The following is the full text of the speech, which has been collated without changing the original meaning.

At present, neural networks and deep learning are developing rapidly, and in this emerging field, the most core and compelling direction is the optimization method of networks.

This article will be divided into five parts: the relationship between artificial intelligence and deep learning, post-deep learning - cognitive modeling, automatic learning, gradual evolution, and summary.

1

Artificial intelligence and deep learning combing

Academician Xidian Jiao Li Cheng: From brain science and cognitive science to artificial intelligence, what inspiration can we get from biophysical mechanisms?

Artificial intelligence has been born more than 60 years ago, at the Dartmouth Conference in 1956, mcCarthy, Minsky, Rochester and Shannon and other scientists first proposed the term "artificial intelligence", thus marking the official emergence of artificial intelligence as a science, and clarifying its complete academic path, but also marked the official birth of a new field of artificial intelligence.

Not only did they give birth to the concept of artificial intelligence in their discussions, but their forward-looking work also had a profound impact on future generations, especially in the IT field.

According to its history of natural development, ARTIFICIAL intelligence can be divided into four stages: expert systems, feature engineering, speech image and word processing, and the current stage of technologies represented by augmented learning, adversarial learning, self-supervised learning, meta-learning, and reinforcement learning.

In the expert system stage (1960-1980), artificial intelligence is relatively rudimentary, and the main technology relied on is the manual design of the rules.
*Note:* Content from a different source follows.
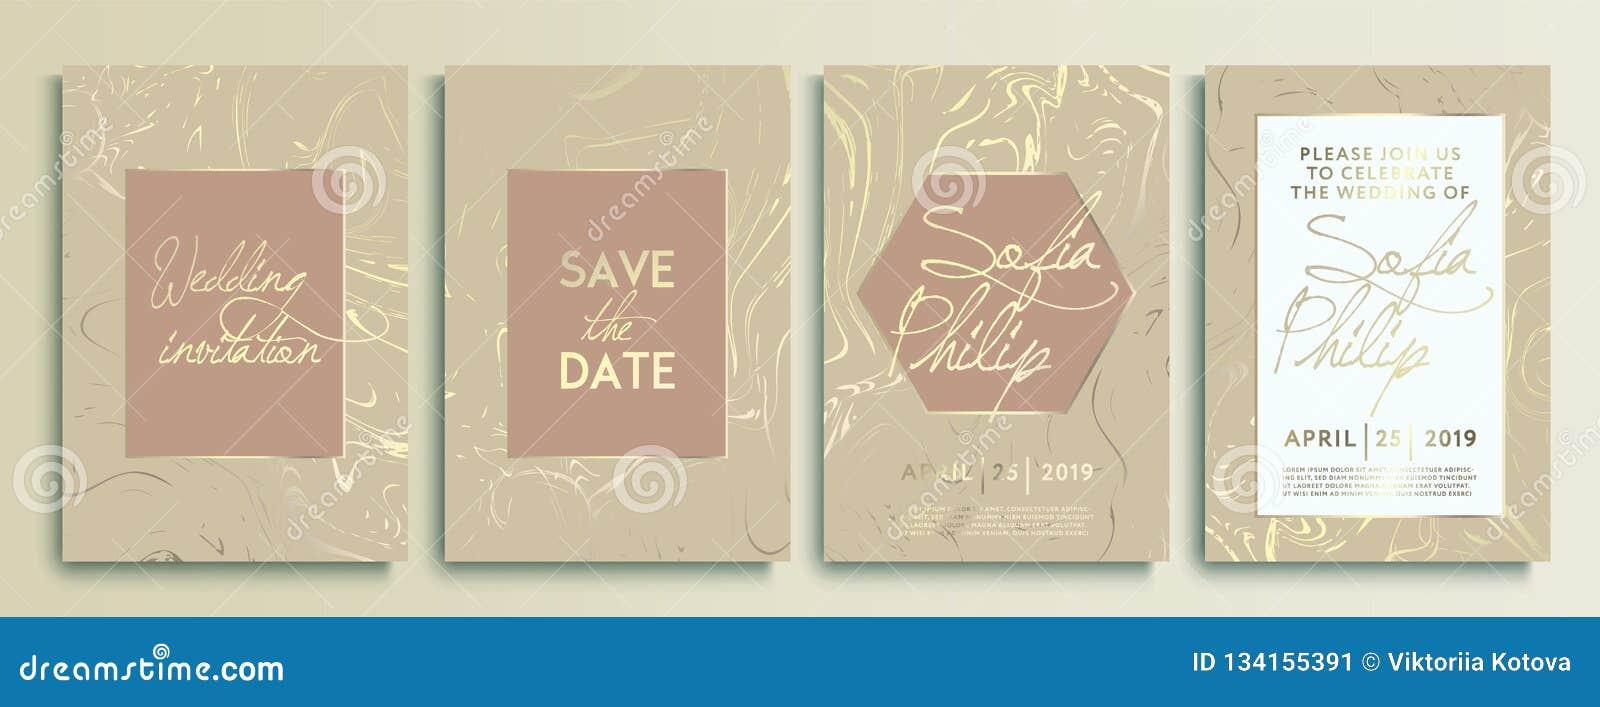 Οι κάρτες γαμήλιας πρόσκλησης με το μαρμάρινο υπόβαθρο σύστασης και τη χρυσή γεωμετρική γραμμή σχεδιάζουν το διάνυσμα Σύνολο πλαι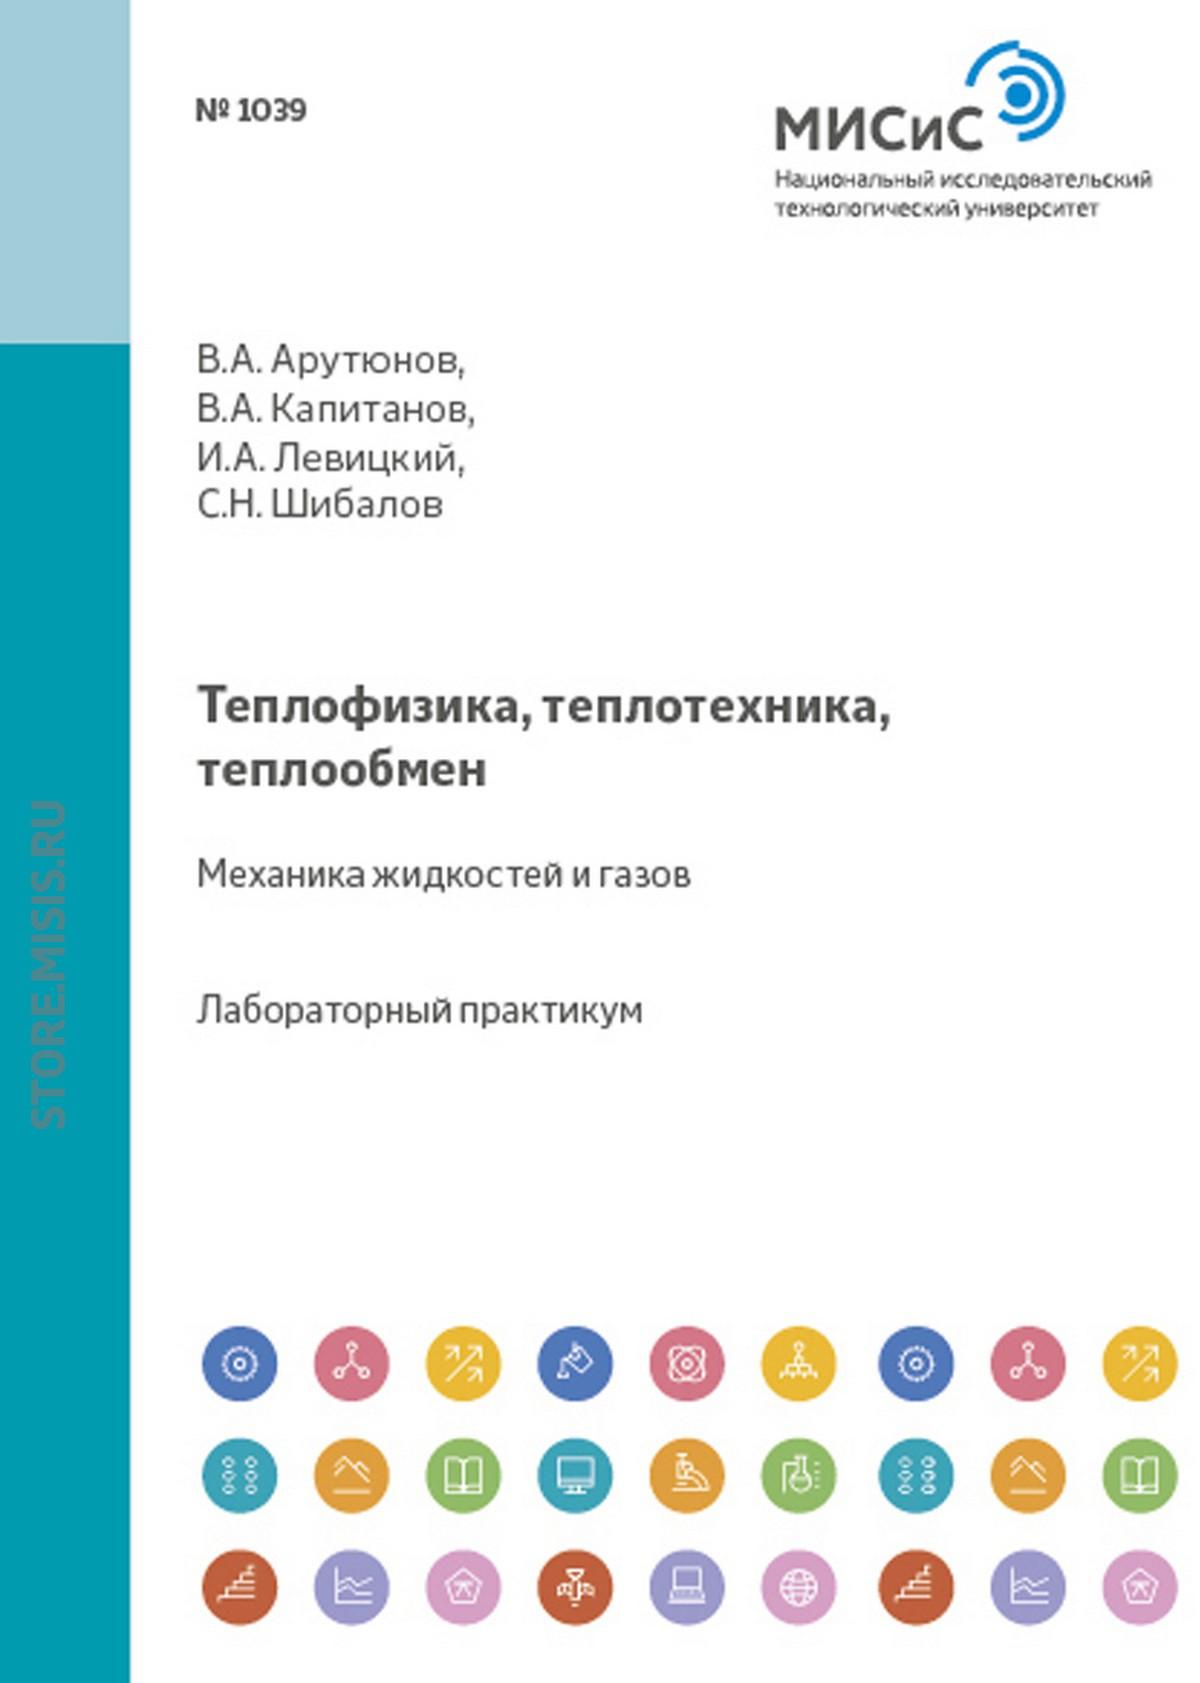 Владимир Арутюнов Теплофизика, теплотехника, теплообмен. Механика жидкостей и газов сергей крупенников теплофизика и теплотехника теплофизика

At this stage, people mainly hope that artificial intelligence systems can do search work.

In the feature engineering phase (1980-2000), people began to process raw data to extract features, and used simple machine learning models for tasks such as classification and regression.

In the third phase (2000-2010), people began to process natural information such as speech, images, and words. In this phase, the AI system feeds raw data and answer labels into the deep learning model. However, machine learning models based on the traditional binary string structure at that time could not learn such a complex system to complete the corresponding complex tasks, so AI entered the next stage.

In the fourth phase (2010-2020), people give data to machines, hoping that machines can automatically mine the knowledge contained in the data. However, in practical applications, the system still relies on humans to organize and arrange models and data, so as to guide the model to dig for knowledge. Although we hope that AI models can automatically mine knowledge, the successful operation of models is difficult to leave human supervision and guidance.

In this brilliant fourth phase, a variety of fields such as machine proof, machine translation, expert systems, pattern recognition, machine learning, robotics and intelligent control are produced. Although their cores are different, they are all an indispensable and important part of the fourth phase of AI development.

In addition to combing through artificial intelligence from time, we can also divide artificial intelligence into five academic schools according to its core ideas: symbolism, connectionism, behaviorism, Bayesian school and analogy school.

In the early stage of the development of artificial intelligence, there was not much integration and reference between these five schools, but they all worked hard, worked independently, and were full of confidence in their own application fields.

Today, we find that these schools actually explain artificial intelligence and machine learning from their own perspectives. The development of artificial intelligence needs to integrate these five university schools into each other.

Academician Xidian Jiao Li Cheng: From brain science and cognitive science to artificial intelligence, what inspiration can we get from biophysical mechanisms?

The winner of the IEEE Neural Network Pioneer Award attests to the development of artificial intelligence:

Shun-ichi Amari proposed the kinetic theory of neural fields, especially in the field of information geometry.

Paul J. Werbos, who graduated with a Ph.D. from Harvard University in 1974. Werbos mainly established and proposed the backpropagation algorithm BP, and it can be said that Werbos was the first person to BP algorithm. Even Geoffrey Hinton, who has a deep influence on the popularity of deep learning today, was a member of the BP algorithm team that worked with Werbos at that time, and he also made many contributions to the widespread use and dissemination of BP algorithms.

Leon O. Chua is a Chinese-American scientist who is regarded as one of the big three in the EE field at the University of California, Berkeley. He created the high-order original of nonlinearity, proposed Chua's circuit, promoted the development of nonlinear circuit theory, set off a boom in the study of nonlinear circuits, and made outstanding contributions to the transition of chaos from theory to practice. In addition, he also proposed the CA cell neural network, which has a huge influence in the world and is the pride of the Chinese. Many magazines have introduced his scientific discoveries such as CA and chaotic circuits. To this day, he is still active in the front line of Sino-US scientific exchanges.

Fukushima is the initiator of neurocognition. Oja is a Finnish scientist and the originator of "subspaces". Teacher Yao Xin's contribution to evolutionary computing is enormous. Professor Wang Jun has also made important contributions to the research of neural networks. LeCun won the award in 2014 for its convolutional neural networks proposed in 1990-1992; Bengio later won in 2019. This year's winner is Professor Liu Derong of Guangdong University of Technology, who is also the former editor-in-chief of IEEE Trascations on Neural Networks, TNN.

Academician Xidian Jiao Li Cheng: From brain science and cognitive science to artificial intelligence, what inspiration can we get from biophysical mechanisms?

After 70 years of development, neural networks have also entered a new stage. Technically, he is different from the traditional way of pure "feeding data". In fact, from a macro perspective, simple data training methods based on BP algorithms have become a thing of the past.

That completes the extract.